Let's say we don't want to keep CAPTCHA. What would be our alternative to tell who's a human, and who's a spambot? Would we use a different one instead of QuestyCaptcha and say, move back to ReCAPTCHA or Asirra? Or actually use something entirely different? Here's the best option that I found.

Honeypot checkboxes

Checkboxes from, what I've read, seem to a graceful solution. You can hide it from the page with JS or CSS, so if it's checked there's a good chance a spambot checked it instead of a user (because regular users won't see it). Would it be possible to write an extension for this, or would it require dirtly hacking the MediaWiki core?

Keep!

Then let's say, we actually do want to keep the CAPTCHA. A number of issues would need to be fixed:

I don't like CAPTCHAs. From a user standpoint, I feel as if the site doesn't trust me. They can be really confusing, and trying multiples can lock me out of the sign up form, preventing me from creating an account, which would be the exact goal I was trying to achieve. I don't want to be required to answer things like this. Like this article said...

"Stopping spam should not come at the cost of stopping users from filling out your form."

Go honeypots!

References

adamrobcarter commented 8 years ago

How exactly does a checkbox work in this situation?

adamrobcarter commented 8 years ago

Also what about the new recaptcha where you just press a button?

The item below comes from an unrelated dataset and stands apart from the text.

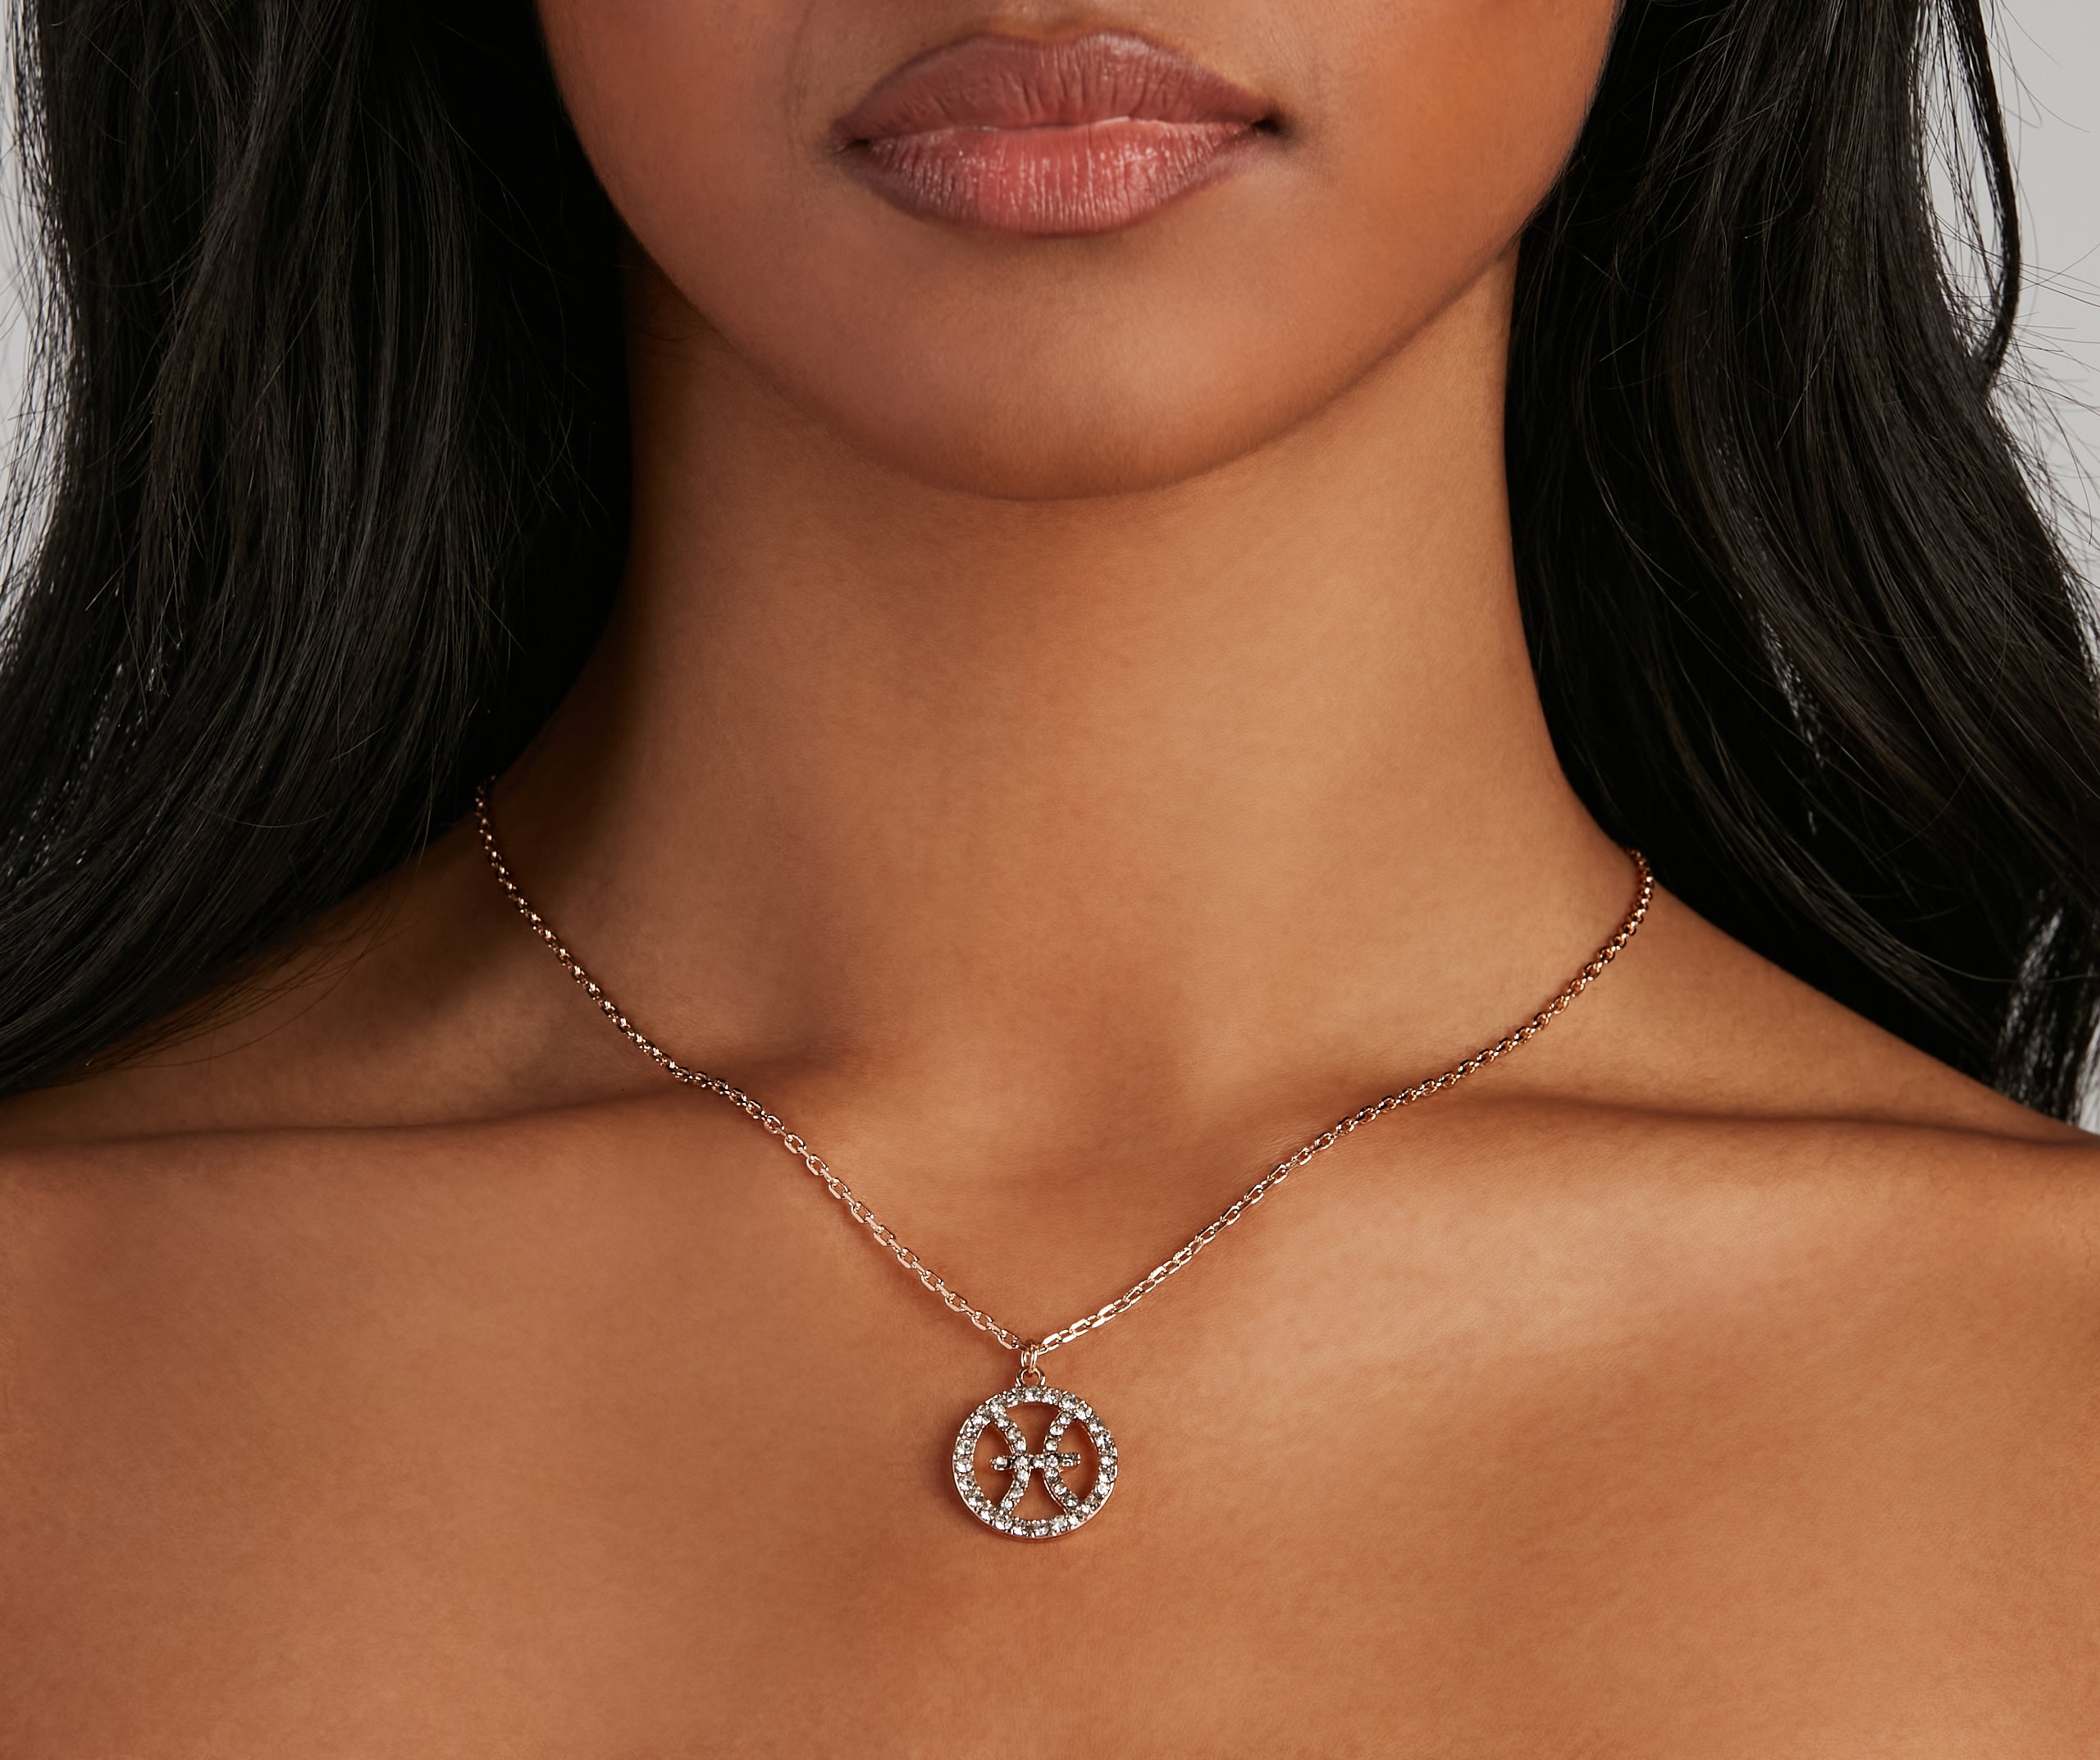 Zodiac Glam Rhinestone Necklace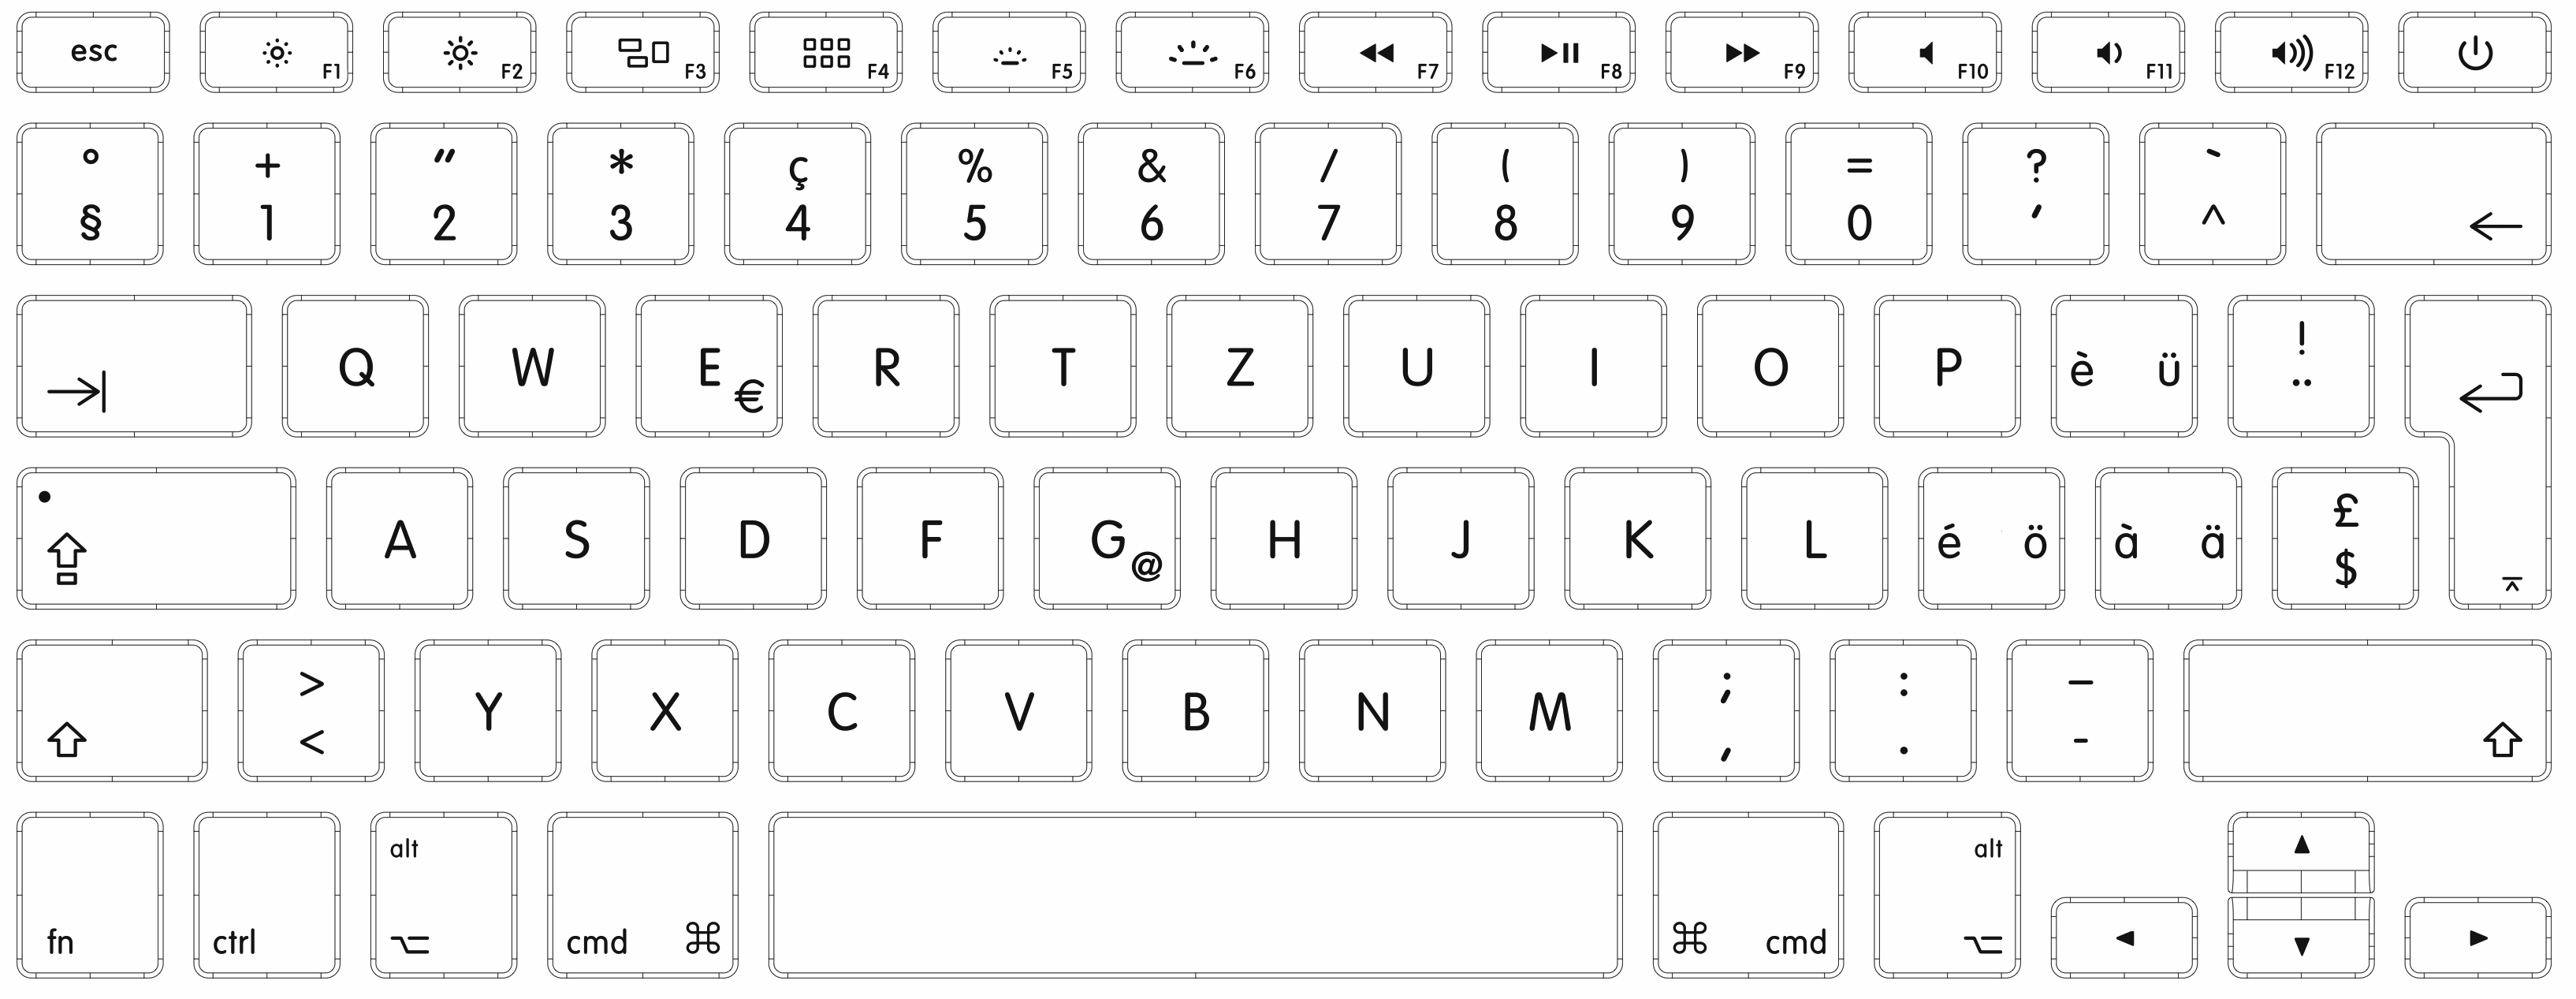 Mac Tastatur, Notion Tastaturkürzel, Tastaturkürzel Notion

adamrobcarter commented 8 years ago

https://www.mediawiki.org/wiki/Extension:ConfirmEdit#ReCaptcha_.28NoCaptcha.29

neoncitylights commented 8 years ago

Didn't know that existed but what you referenced is how a checkbox would work.

NovaFlare commented 8 years ago

I still don't know what's wrong with the idea I had like a year ago that got shot down when we got hit by a wave of spambots- just make a new filter with AbuseFilter getting new users to confirm their first edit...

edit: wait- we have CAPTCHA? Is this just for new/unregistered users?

chriscook18 commented 8 years ago

Is the checkbox the thing were if you click it in a "computer-like" manner, it then asks you to capatcha? I heard about something like that, but can't recall seeing it implemented anywhere I go.

neoncitylights commented 8 years ago

@NovaFlare Yeah, we've had QuestyCaptcha extension for the sign up form since August 6th, 2013 (https://github.com/Brickimedia/LocalSettings/commit/64431073dbd038f8b54c4165425285e2753c7c06), which is a little over 2 years and a couple months.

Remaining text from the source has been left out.